Post-Brexit markets set to become even more volatile
The shock waves from Britain’s momentous decision last Thursday to sever its 43-year membership of the European Union (EU) are rippling through global financial markets.
On Monday, ratings agency Standard & Poor’s stripped the United Kingdom (UK) of its last triple-A rating from one of the big three agencies, warning that the vote to leave the EU was a “seminal” development that will undermine the country’s policy regime, weaken growth and endanger Britain’s macroeconomic position. Fitch, another agency, also cut the UK’s rating.
In the first two trading days since the result of the referendum was announced, more than US$3 trillion was wiped off the value of global equity markets – with advanced economies accounting for nearly all of the losses – in the worst two-day decline in stocks since the outbreak of the 2008 financial crisis.
On Tuesday and Wednesday, investor sentiment improved somewhat, with the pound staging a rally but still 10 per cent lower against the dollar than on the day of the referendum. Global stock markets also rebounded, mainly because of expectations that central banks will be forced to intervene to stabilise markets.
Yet in a sign of the degree of Brexit-induced fear in markets, so-called “haven” assets such as gold, “core” government bonds and the Japanese yen remain in strong demand. The yield on benchmark 10-year US Treasury bonds has fallen to 1.4 per cent – its lowest level since the height of the eurozone crisis in July 2012 – while the price of gold has risen to US$1,320 an ounce, a two-year high.
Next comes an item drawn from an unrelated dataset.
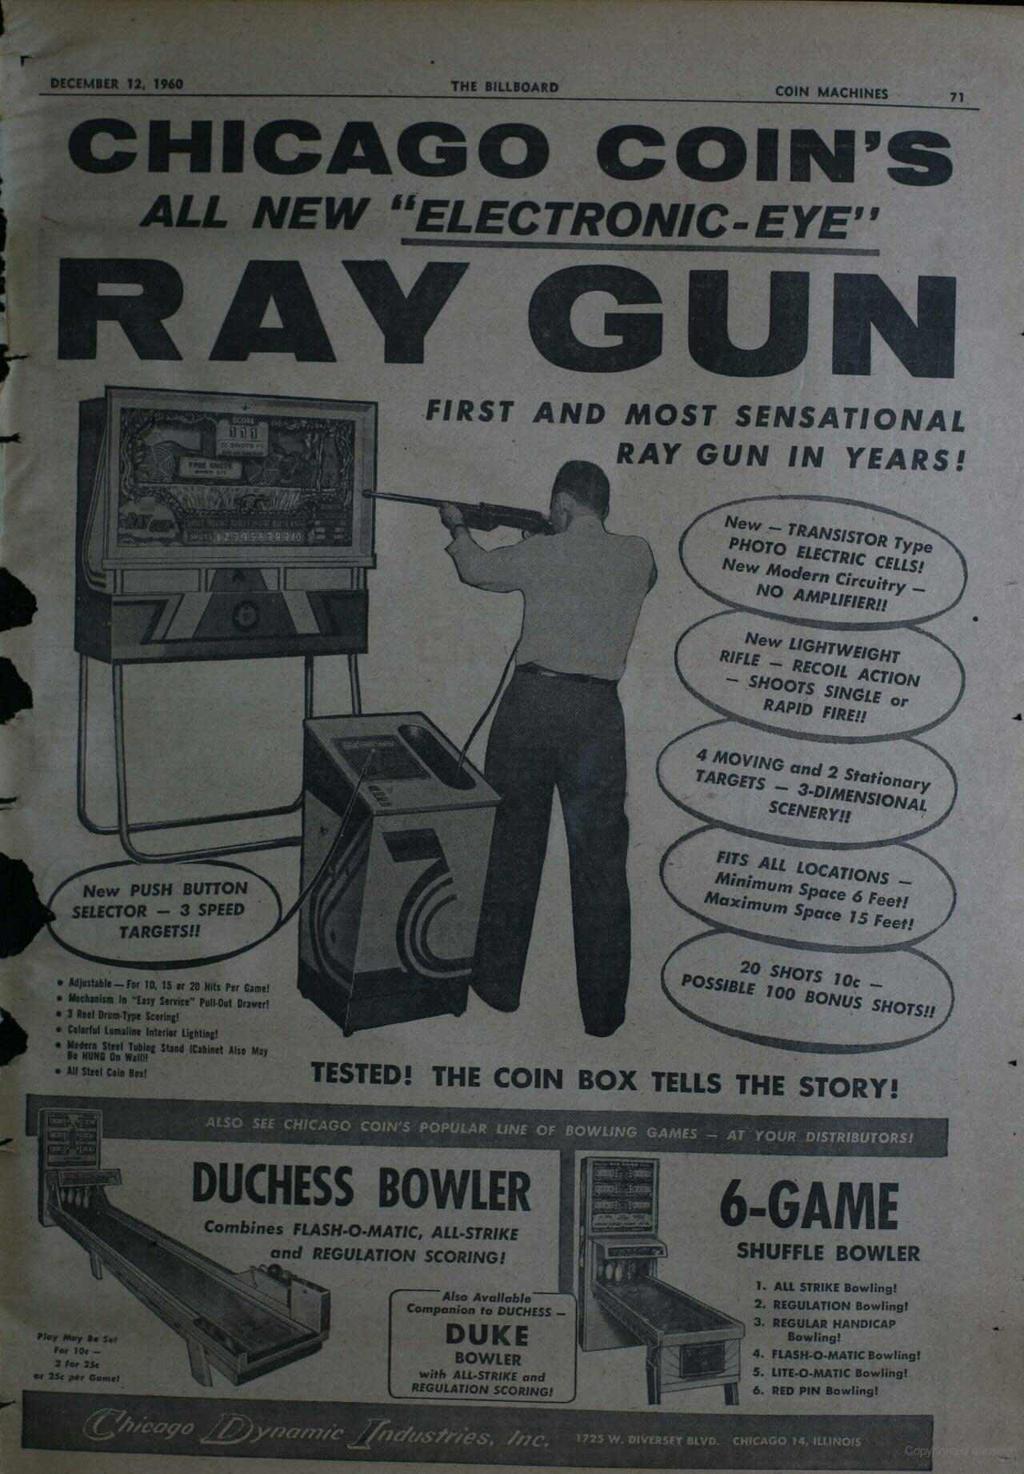 r CHICAGO COIN'S ALL NEW "ELECTRONIC-EYE" DECEMBER 12, 1960 THE BILLBOARD COIN MACHINES 71 FRAY GUN FIRST AND MOST SENSATIONAL RAY GUN IN YEARS! New - TRANSISTOR Type ì ELECTRIC CELLS!

Moreover, yields on Japanese bonds with a maturity of up to 40 years have fallen to below 0.1 per cent for the first time.
Make no mistake, Britain’s decision to withdraw from the EU is a game-changing development both for the UK and Europe which will lead to political, economic and financial uncertainty at a time when central banks can no longer be relied on to stabilise markets.
While sentiment may have improved following a dramatic two-day sell-off, it is fanciful to think that the withdrawal of the EU’s second-biggest economy from the bloc – and whose London-based financial sector accounts for a quarter of all EU financial services income and 40 per cent of financial services exports, according to the Bank of England (BoE) – will not undermine investor confidence and increase the scope for a much sharper deterioration in market conditions in the coming weeks.
Investors must now contend with a number of extremely worrying developments.
The most conspicuous one is the sudden emergence of a dysfunctional UK political system which has damaged the country’s policy regime and, together with a brewing constitutional crisis (Scotland is already preparing the ground for a second independence referendum as a fallback option to remain in the EU), has cost Britain its remaining triple-A rating.
Amid the financial turmoil unleashed by the UK’s decision to leave the EU, investors now face the prospect of months of political uncertainty, with a dangerous leadership vacuum at the top of both the ruling Conservative party and the opposition Labour party and, just as worryingly, no clear plan from the “Brexiteers” on the way forward.
A potentially more troubling development is the danger that “Brexit risk” amplifies “Trump risk” as investors become more sensitive to political risk, in particular the possibility that Donald Trump, the populist anti-establishment Republican presidential candidate, will win November’s US election.
Convergex, a US brokerage, notes that “the Brexit vote has burrowed its way into American political consciousness with a simple question: “Could it happen here, [or] code for could Trump actually become President.”
The third major risk, which could determine how severe the post-Brexit deterioration in sentiment will be, is diminishing investor confidence in the efficacy of monetary policy.
Ultra-loose financial conditions, in particular the imposition of negative interest rates in Japan and the eurozone, have already triggered a fierce backlash from banks and money market funds and have distorted asset prices to dangerous levels. The Bank of Japan (BoJ), moreover, is unable to counter the surge in the yen, whose status as a haven currency is outweighing the effects of aggressive monetary easing.
Lastly, it is not clear whether a Brexit will occur given that the UK parliament has yet to invoke Article 50 of the EU treaty which sets in motion the legal and formal process of exiting the bloc.
Investors should prepare for a long, hot summer of uncertainty and instability.